The red (L) and green (M) cones in the retina respond to very similar wavelengths. In people with protanopia or deuteranopia, these cones don't function properly, making red and green appear as similar shades of brown or yellow.
What's the difference between this tool and a colorblind simulator?
A simulator shows how colors look (qualitative). This tool quantifies with a number (0-100) how distinguishable colors are from each other. You can use both: the score for quick assessment and the simulator for the visual result.
What is the pairwise ΔE matrix?
It's a table showing the Delta E distance between each color pair after simulating each type of color blindness.
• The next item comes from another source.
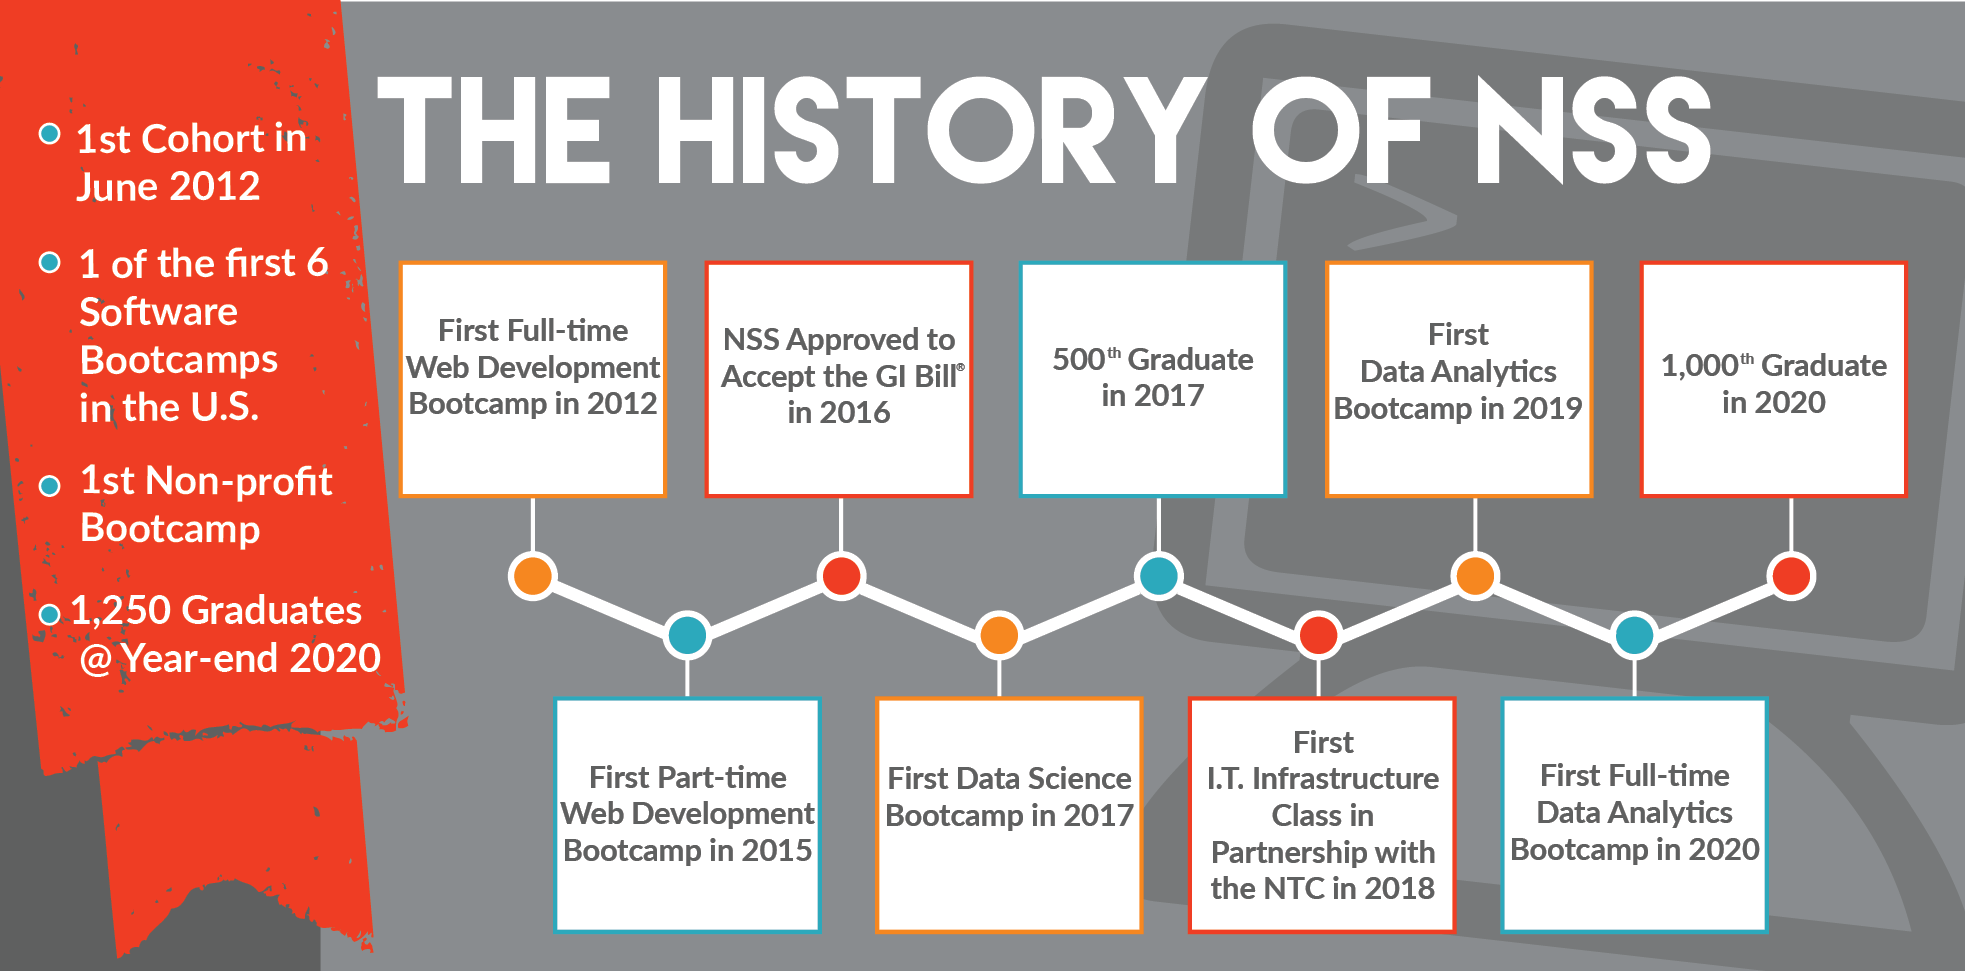 The History of NSS - a back at 8 years of milestones

Red values (ΔE < 5) indicate confusable pairs; yellow (ΔE 5-15) caution; and green (ΔE > 15) safe pairs. This lets you identify exactly which color pair is problematic.
Does this tool replace testing with real users?
No, but it's an excellent first step. It offers a quick quantitative assessment based on color science. It's always recommended to complement with tests by real colorblind users. You can use our Image Colorblind Simulator to test complete designs.